Make WordPress Core

Opened 2 years ago

Closed 2 years ago

Last modified 2 years ago

#57207 closed enhancement (fixed)

Consider adding the Unicode regex flag in wp_check_comment_disallowed_list

Reported by: bonjour52's profile bonjour52 Owned by: sergeybiryukov's profile SergeyBiryukov
Milestone: 6.2 Priority: normal
Severity: normal Version:
Component: Comments Keywords: has-patch
Focuses: Cc:

Description

Hello,

SHORT VERSION:

Consider adding the Unicode regex flag ("u") in wp_check_comment_disallowed_list by replacing line:

$pattern = "#$word#i";

with:

$pattern = "#$word#iu";

LONG VERSION:

My site is getting bombarded with Russian spam. In my site's settings, I've established a list of blacklisted words used by Russian spammers, such as "установка", and they're correctly being populated in disallowed_keys. However, wp_check_comment_disallowed_list is performing poorly. In theory, wp_check_comment_disallowed_list should be case-insensitive, and should be blocking "Установка", "УСТАНОВКА", etc. But in practice, it isn't and it doesn't for Russian, unless you explicitely add the Unicode regex flag ("u").
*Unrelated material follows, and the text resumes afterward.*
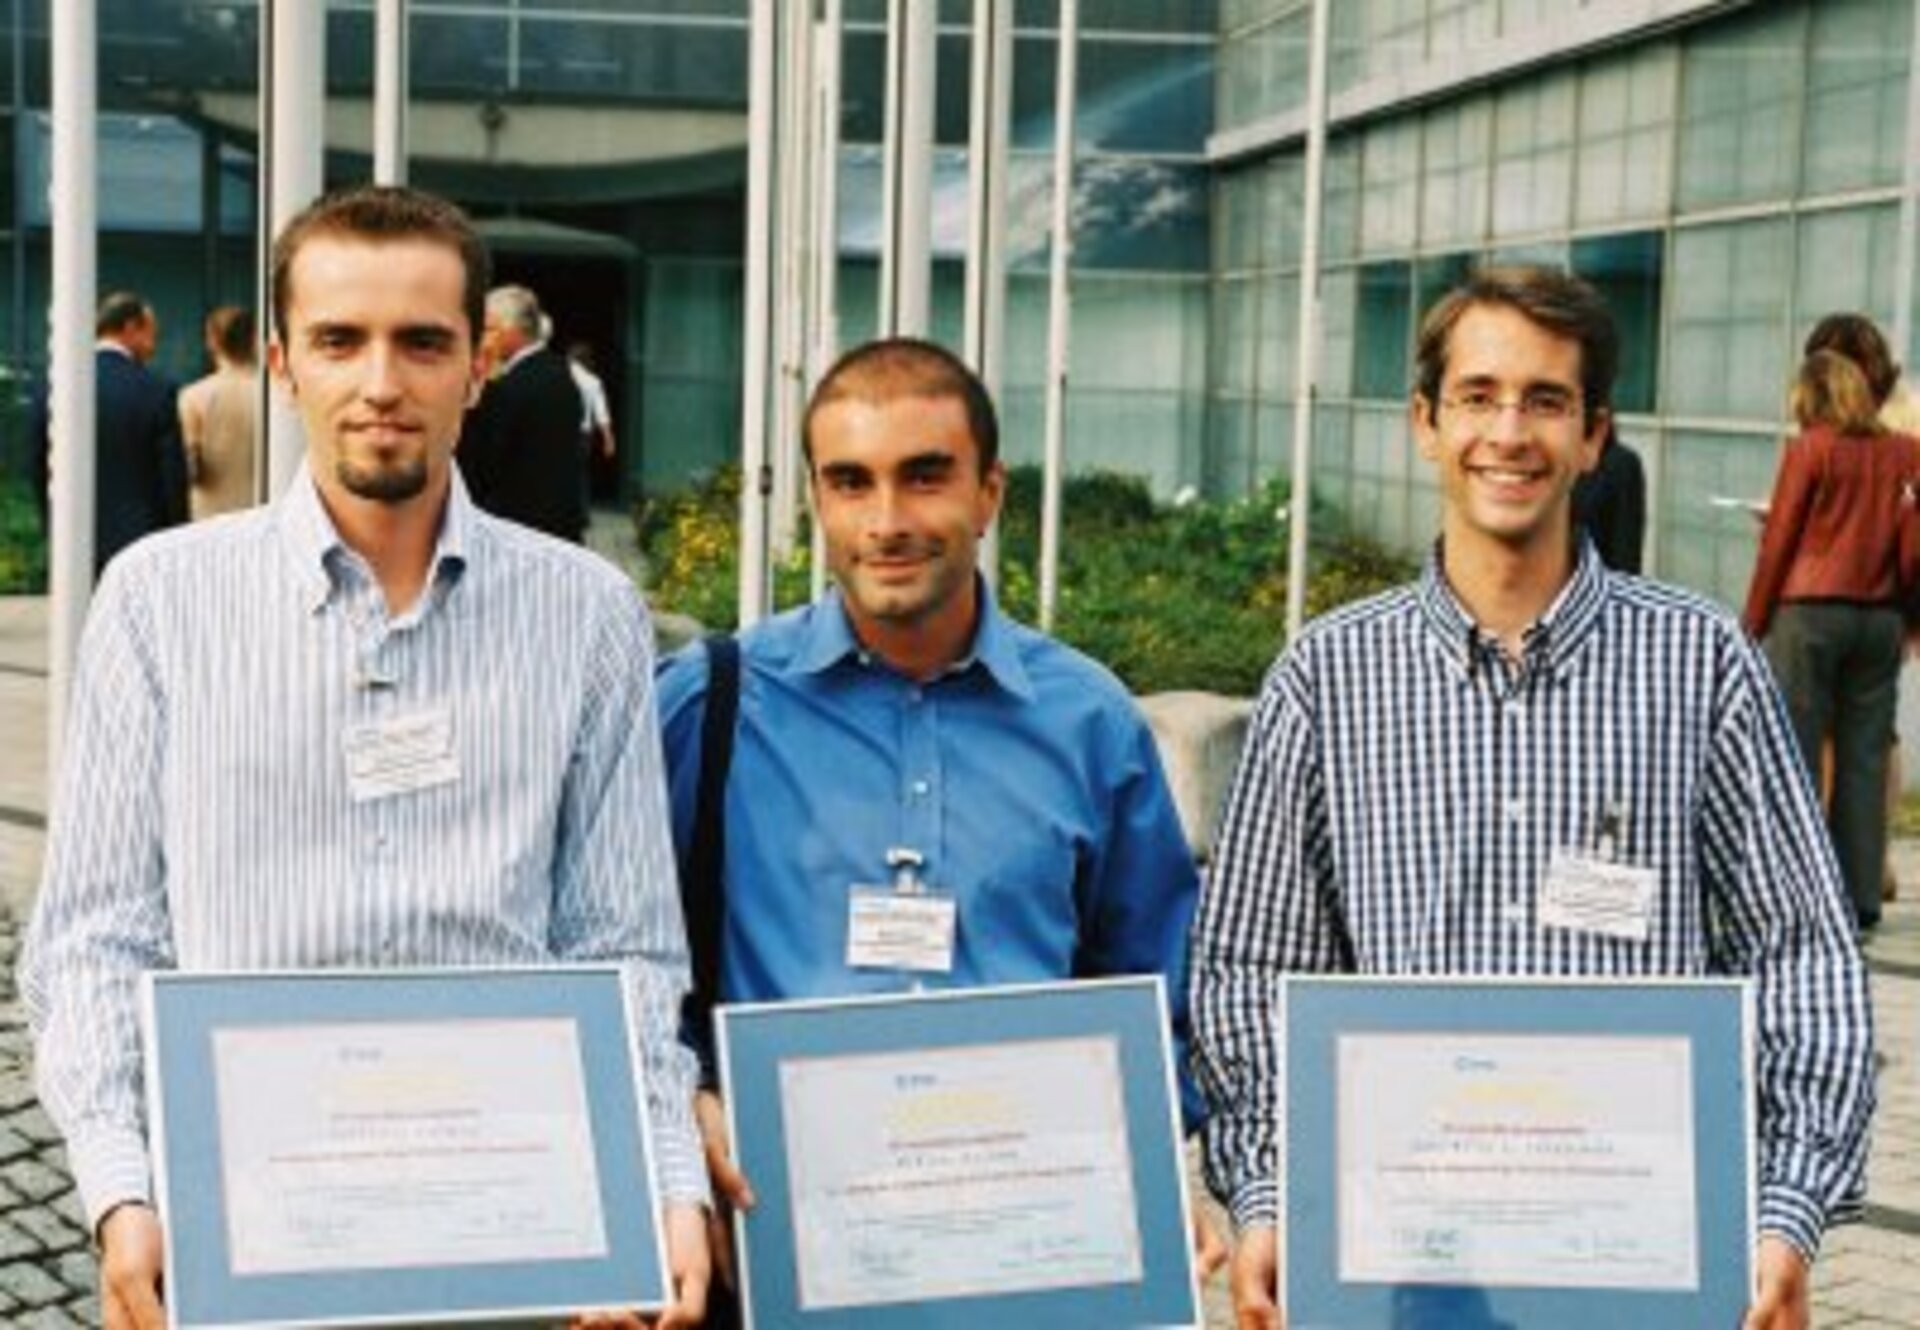 From left to right: Adalberto Costessi (1st prize), Roberto Rusconi (2nd prize), Eric Belin de Chantem&egrave;le (3rd prize)

I am 100% sure in what I am saying. I observed Russian spam passing through the filter. And also, I did the following debug test, which I give below (since I wrote it for myself, it is in French):

DEBUG TEST CODE:

SimpleLogger()->notice( 'Débogage — début', array() );
$test = 'установка';
$word = 'Установка';
$word = preg_quote( $word, '#' );
$pattern = "#$word#i";
if ( preg_match( $pattern, $test ) ) {
    SimpleLogger()->notice( 'Débogage — i - réussi' );
} else {
    SimpleLogger()->notice( 'Débogage — i - échoué' );
}
$pattern = "#$word#iu";
if ( preg_match( $pattern, $test ) ) {
    SimpleLogger()->notice( 'Débogage — iu - réussi' );
} else {
    SimpleLogger()->notice( 'Débogage — iu - échoué' );
}
SimpleLogger()->notice( 'Débogage — fin' );

DEBUG TEST RESULT:

Débogage — début
Débogage — i - échoué
Débogage — iu - réussi
Débogage — fin

Attachments (2)

57207.diff (1.5 KB) - added by SergeyBiryukov 2 years ago.
57207.2.diff (3.2 KB) - added by SergeyBiryukov 2 years ago.

Download all attachments as: .zip

Change History (7)

#1 @bonjour52
2 years ago

I found official documentation on the purpose of the Unicode regex flag ("u") for case-insensitive matching. Not the PHP documentation, which is extremely brief on the subject of regex flags, which it calls "PCRE modifiers". But in the "Perl-compatible Regular Expressions (PCRE)" documentation:

https://pcre.org/pcre.txt

Here is what this documentation says:

"If you want to use caseless matching for characters 128 and above, you must ensure that PCRE is compiled with Unicode property support as well as with UTF-8 support."

and also:

"Case-insensitive matching applies only to characters whose values are less than 128, unless PCRE is built with Unicode property support."

This means that line:

$pattern = "#$word#i";

works only for ASCII characters (characters whose values are less than 128), while:

$pattern = "#$word#iu";

works for all characters in general.

@SergeyBiryukov
2 years ago

#2 @SergeyBiryukov
2 years ago

  • Keywords has-patch added
  • Milestone changed from Awaiting Review to 6.2
  • Owner set to SergeyBiryukov
  • Status changed from new to accepted

Hi there, welcome to WordPress Trac! Thanks for the report.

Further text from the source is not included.